Description Removes a vdisk from quarantine.
A vdisk having a fault-tolerant RAID level becomes quarantined if at least one of its disks is detected
as missing after the storage system is powered up or while it is operating. Quarantine does not occur
for NRAID or RAID-0 vdisks; if known-failed disks are missing; or if disks are missing after failover or
recovery.
Quarantine isolates the vdisk from host access, and prevents the system from changing the vdisk
status to OFFL (offline). The number of missing disks determines the quarantine status; from least to
most severe:
QTDN: Quarantined with down disks. At least one disk is missing; however, the vdisk could be
accessed and would be fault tolerant. For instance, one disk is missing from a RAID-6.
QTCR: Quarantined critical. At least one disk is missing; however, the vdisk could be accessed.
For instance, one disk is missing from a mirror or RAID-5.
QTOF: Quarantined offline. Multiple disks are missing and user data is incomplete.
When a vdisk is quarantined, its disks are write-locked, its volumes become inaccessible, and it is
not available to hosts until it is dequarantined. If there are interdependencies between the
quarantined vdisk's volumes and volumes in other vdisks, quarantine may temporarily impact
operation of those other volumes. For example, if the quarantined vdisk contains the snap pool used
for snapshot, volume-copy, or replication operations, quarantine may temporarily cause the
associated master volume to go offline; a volume-copy or replication operation can also be
disrupted if an associated volume (snap pool, source volume, or destination volume) goes offline.
Depending on the operation, the length of the outage, and the settings associated with the
operation, the operation may resume automatically resume when the vdisk is dequarantined or may
require manual intervention. A vdisk can remain quarantined indefinitely without risk of data loss.
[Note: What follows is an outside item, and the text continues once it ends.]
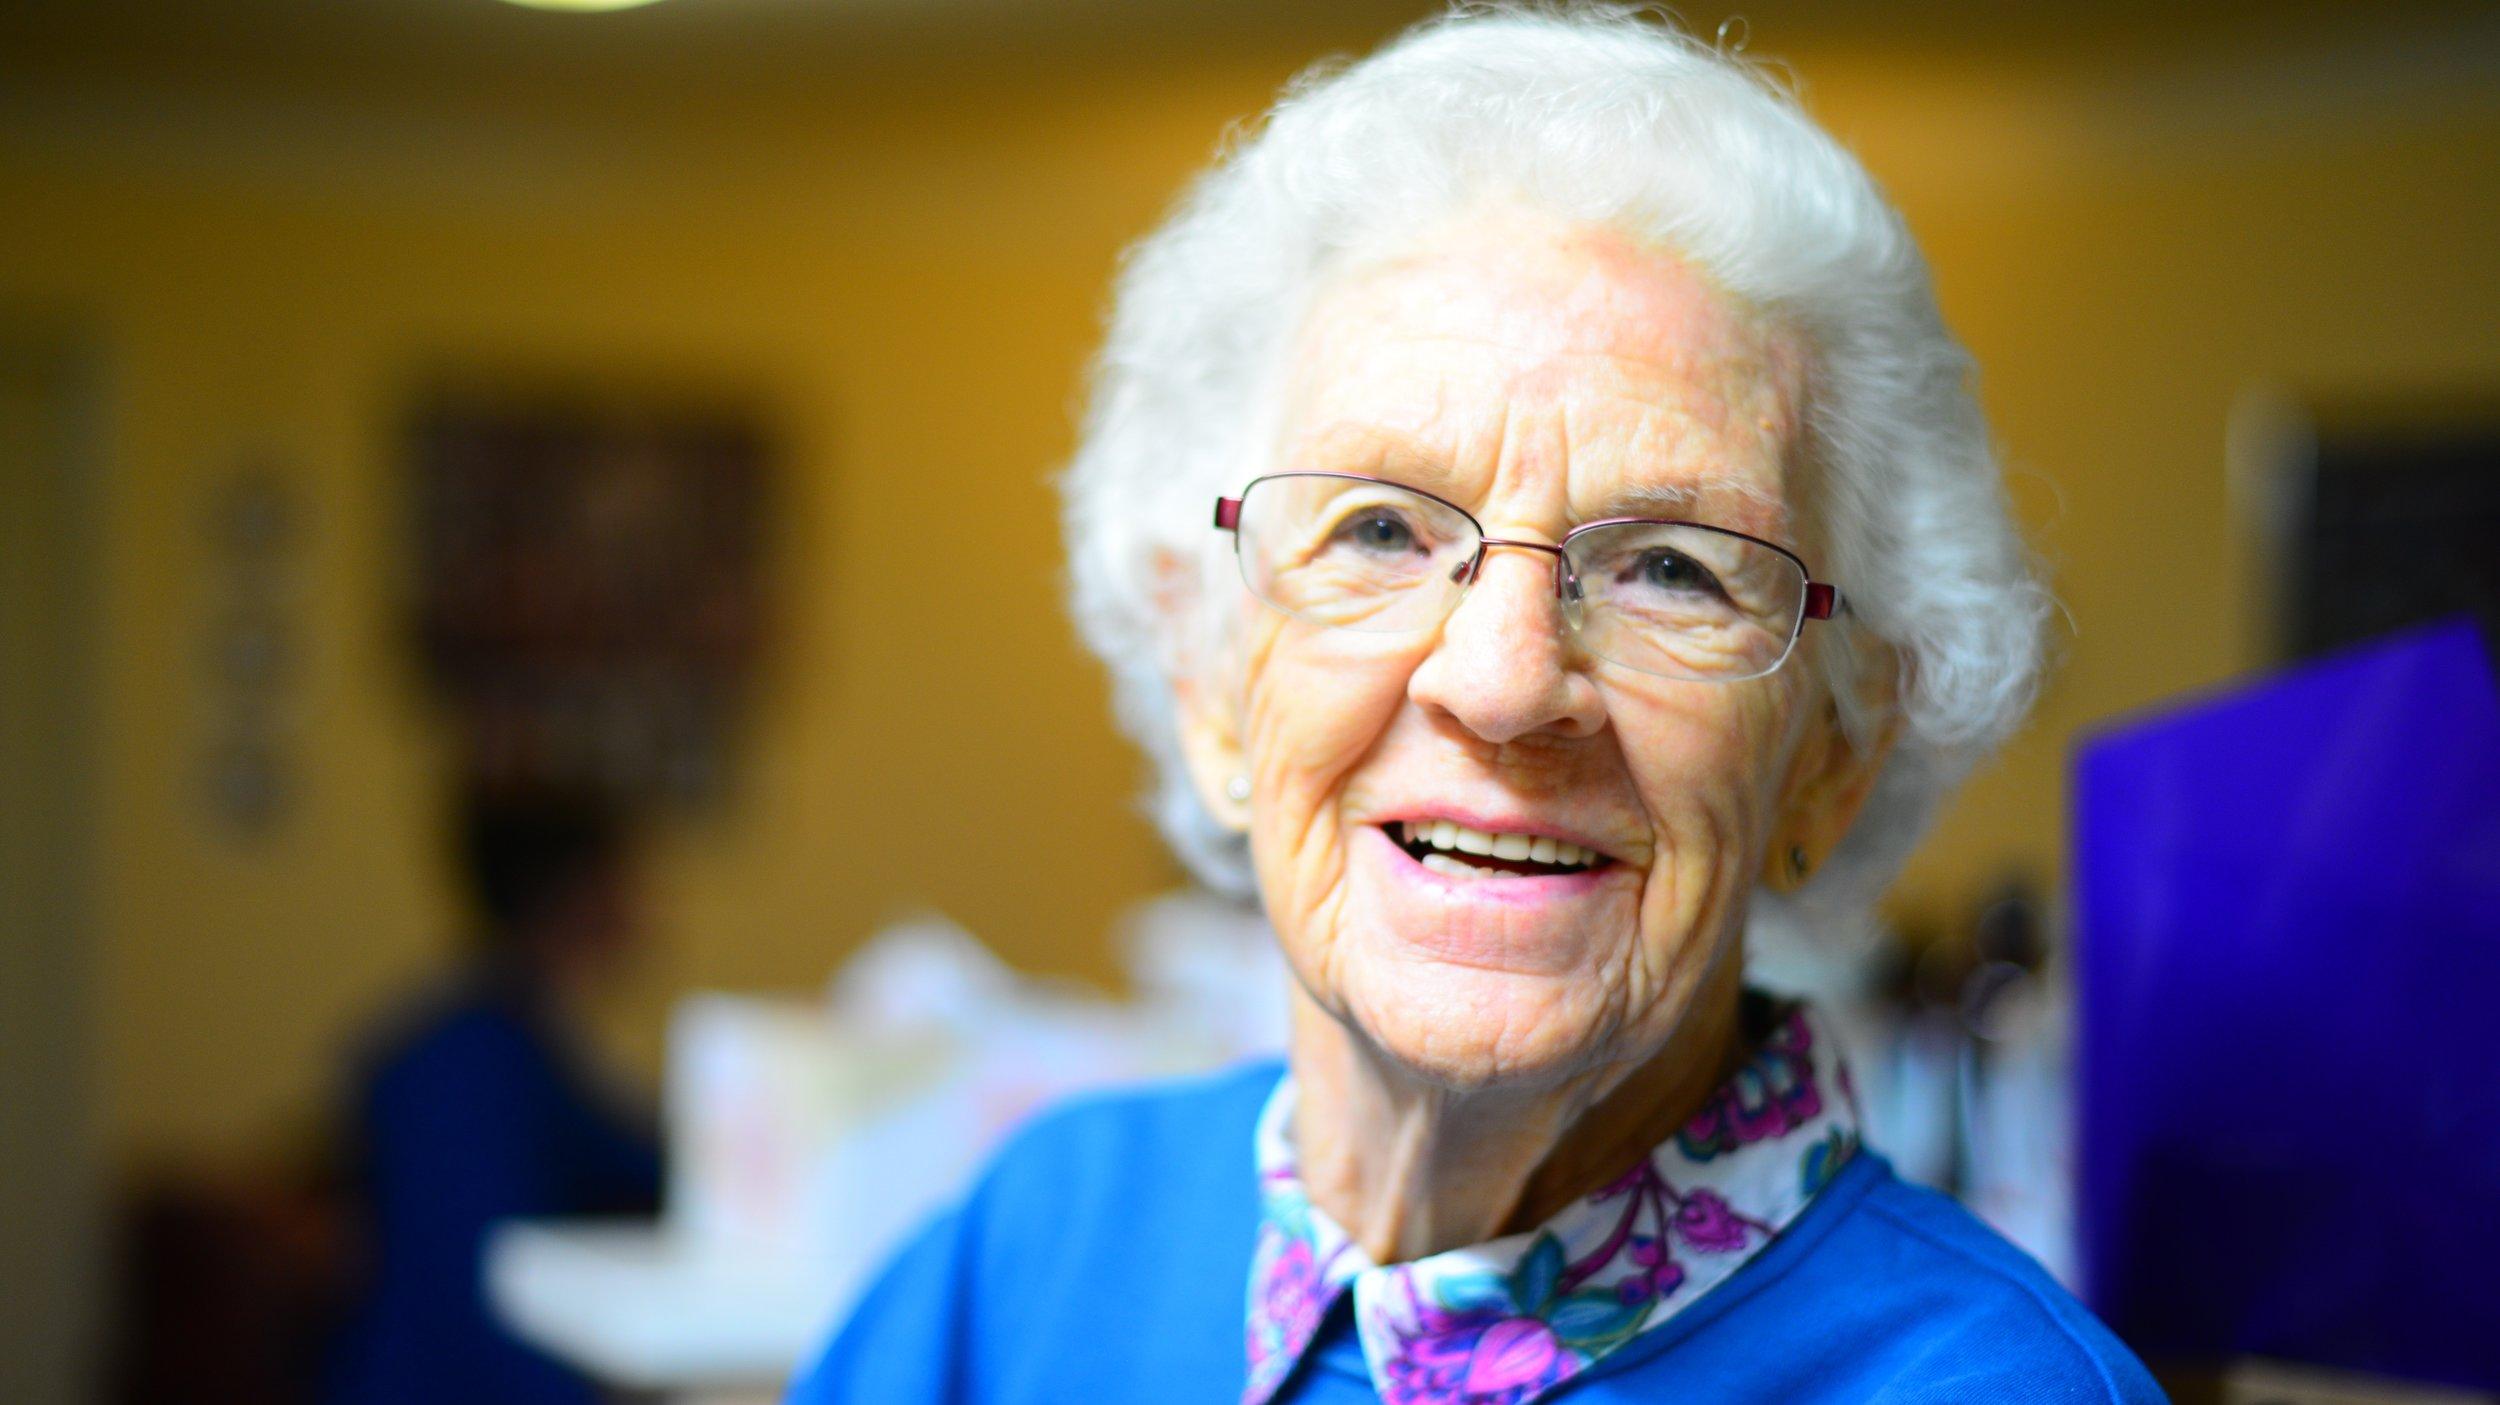 adult_elderly_woman_smiling.jpg
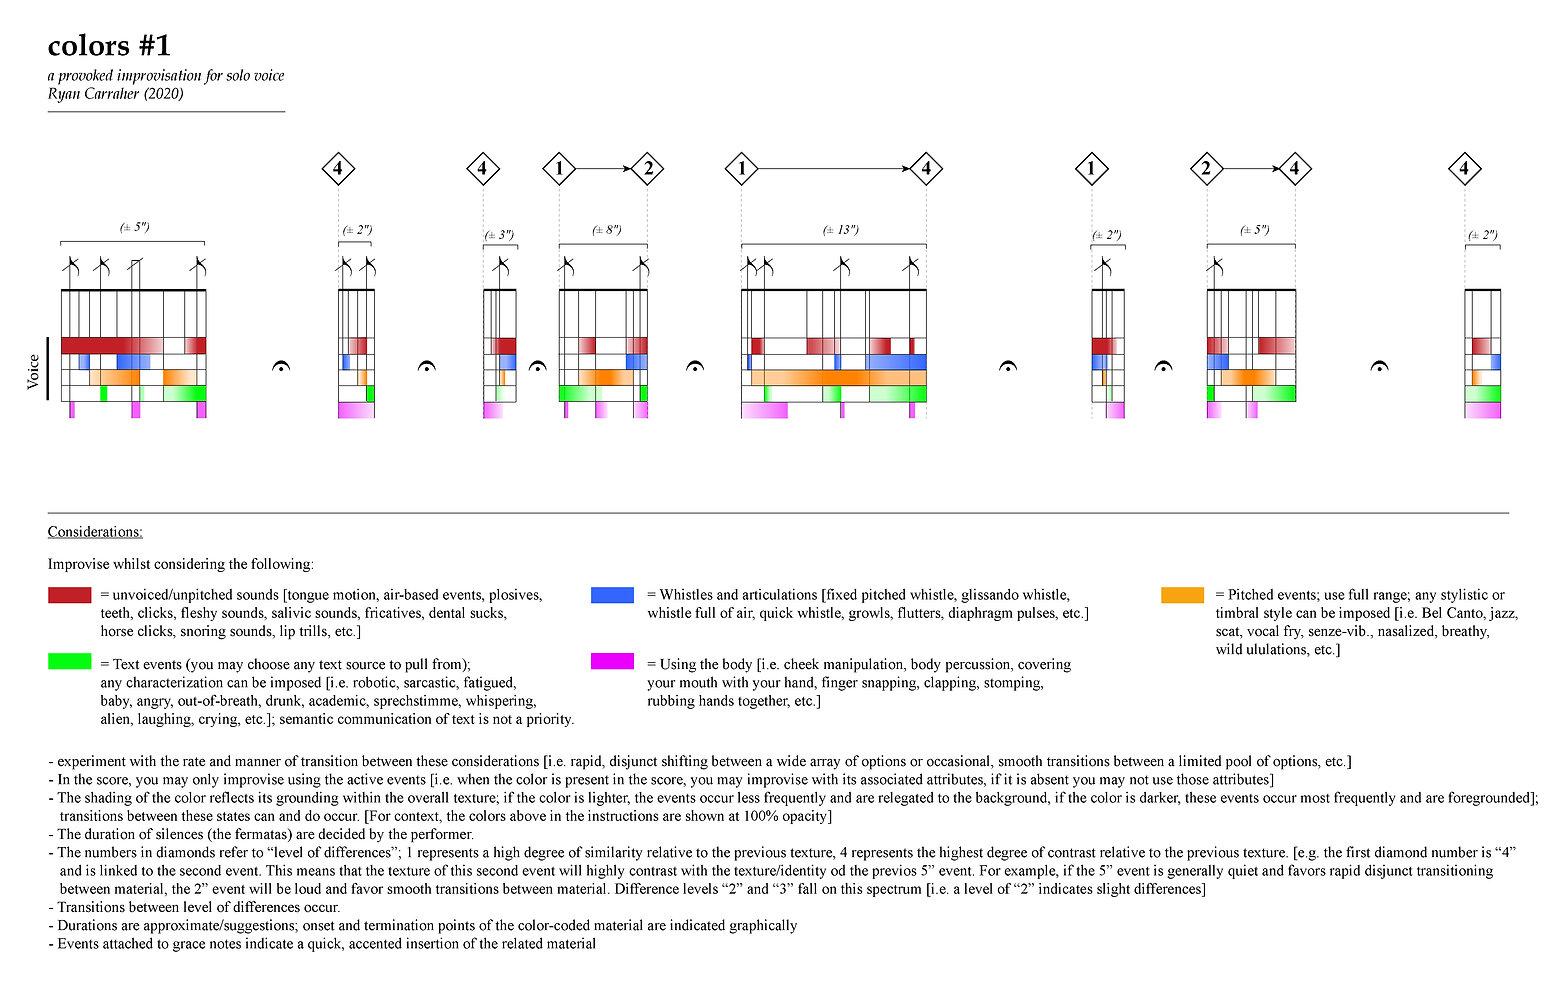 Carraher_Colors1_SoloVoice_SCORE-01.jpg

Examples of when quarantine might occur are:
At system power-up, a vdisk has fewer disks online than at the previous power-up. This may
happen because a disk is slow to spin up, or because a drive enclosure is not powered up. The
vdisk will be automatically dequarantined if the missing disks come online and the vdisk status
becomes FTOL (fault tolerant and online), or if after 60 seconds the vdisk status is QTCR or
QTDN.
A vdisk that is not running I/O loses redundancy plus one more disk. The vdisk will be
automatically dequarantined if the missing disks come online and the vdisk status becomes
FTOL, or if after 60 seconds the vdisk status is QTCR or QTDN.
A vdisk running I/O loses redundancy plus one more disk. The vdisk will be automatically
dequarantined if the vdisk's status is QTCR or QTDN.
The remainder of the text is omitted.